Government Dependency is Growing
May 21, 2002
A new study by William Beach of the Heritage Foundation documents Americans' growing reliance on government. While the rate of increase has slowed in recent years, the level of dependency is still climbing - and may be on the verge of another rapid expansion.
The study measures federal spending from 1962 to 2002 in five areas where similar private or community-based services also exist: housing aid, health and welfare support, retirement, post-secondary education and agricultural services.
- Dependency has grown by 117 percent since 1962 and 38 percent in the last two decades.
- It has grown 9 percent since George W. Bush took office.
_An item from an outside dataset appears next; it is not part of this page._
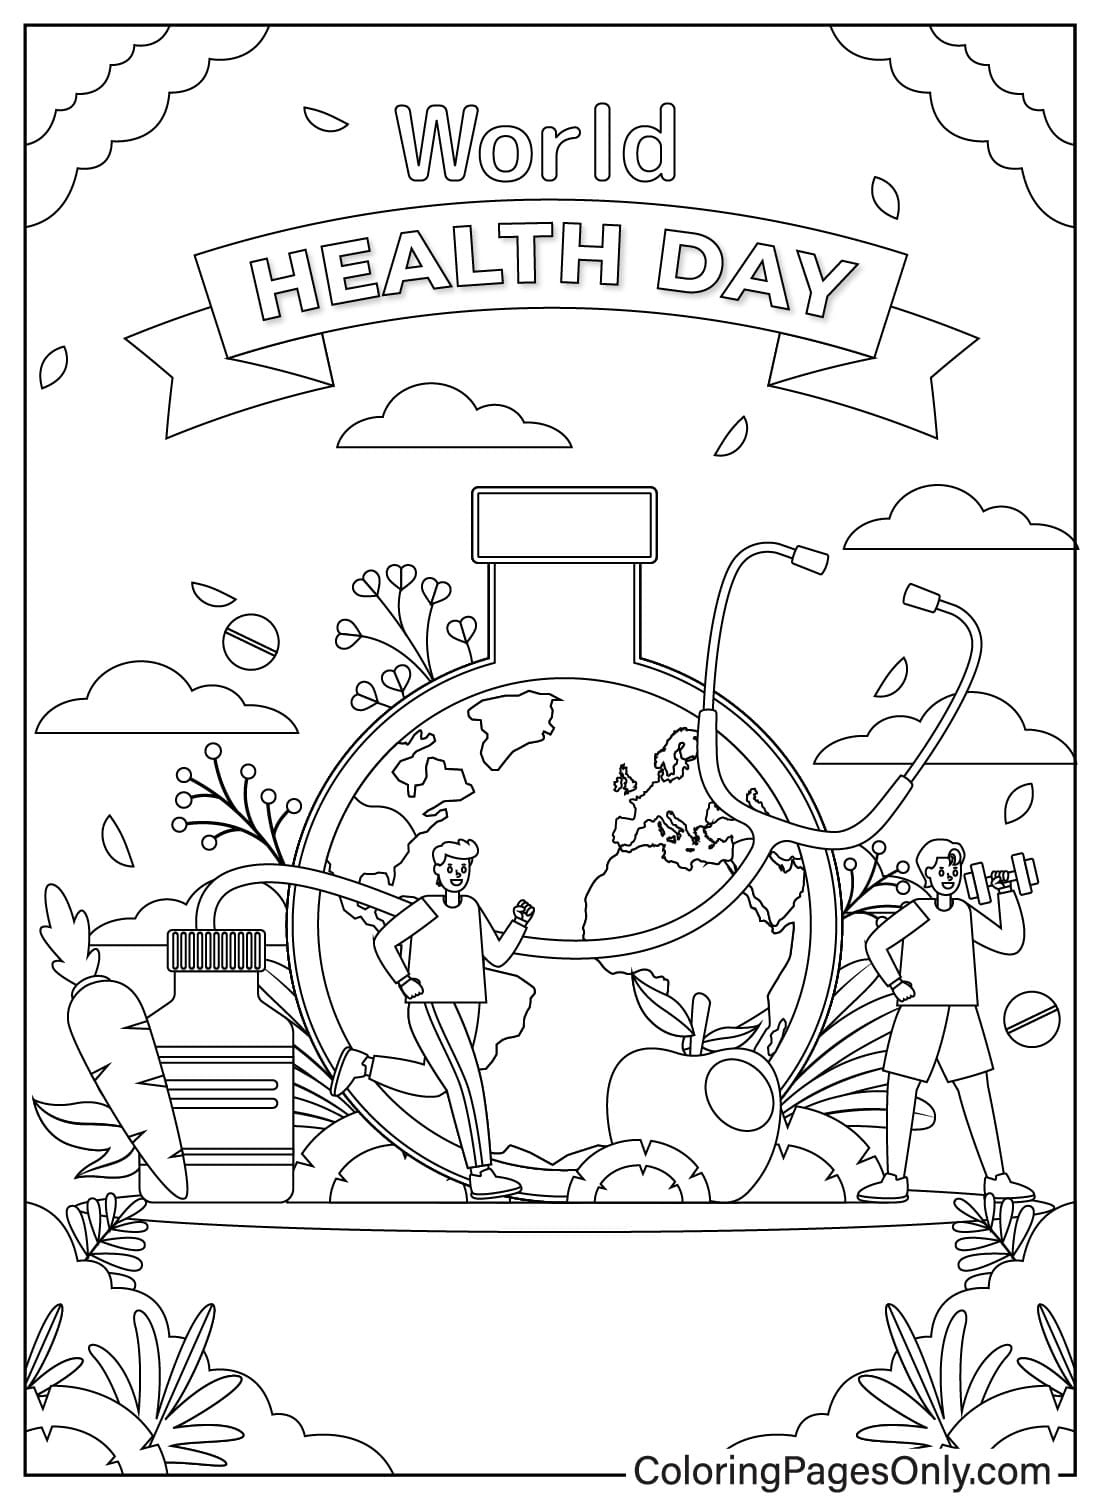 Eine Glyph-Linienillustration des Weltgesundheitstages vom Weltgesundheitstag

- The government now spends 5 times as much on retirement programs, 8 times as much on education and 9 times as much on health and welfare as it did in 1962, after inflation.
- Nearly 27 million people depended on federal government in 1962, while 70.6 million do today - a 162 percent rise, or 3 times the rate of the population growth.
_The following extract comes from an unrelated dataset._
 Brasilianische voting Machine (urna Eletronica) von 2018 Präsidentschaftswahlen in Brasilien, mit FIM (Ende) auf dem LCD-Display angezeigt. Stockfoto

While the rate of growth has slowed recently, it continues. The study estimates it will grow 50 percent over the next 20 years, absent policy changes.
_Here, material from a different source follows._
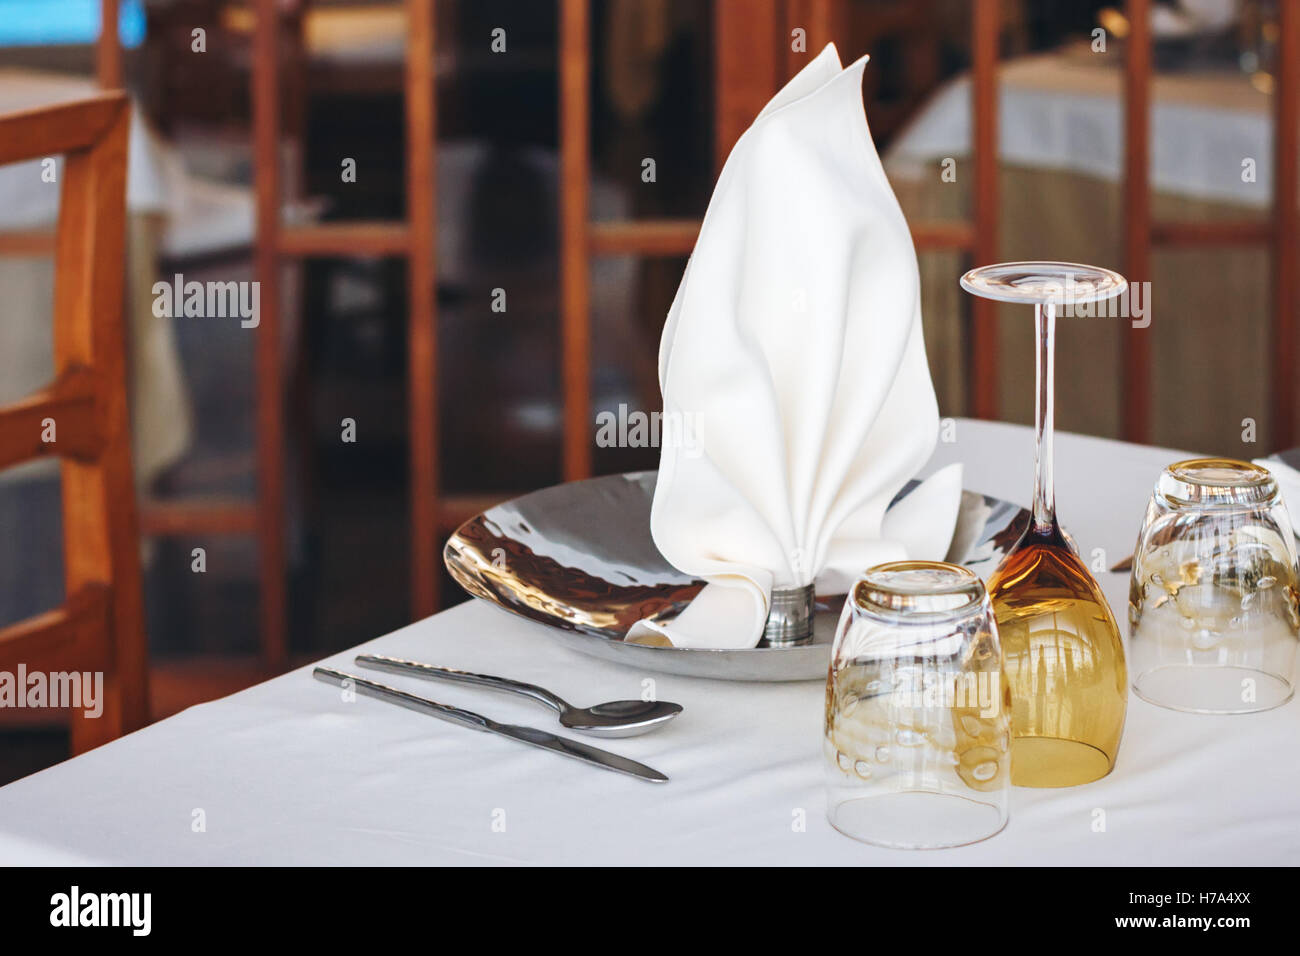 Vaisselle vide en restaurant, set de table Banque D'Images

- The growth was modest at first - even falling during the Kennedy administration 13.4 percent due to drops in federal housing assistance.
- President Johnson's Great Society brought a 115.6 percent rise in the next six years.
- Richard Nixon expanded many of Johnson's programs, and the index rose 50.4 percent from 1969 to 1973.
- The index grew 37 percent under President Ford, 24 percent under President Carter and 16.5 percent under the first President Bush.
The index dropped slightly under Presidents Reagan and Clinton.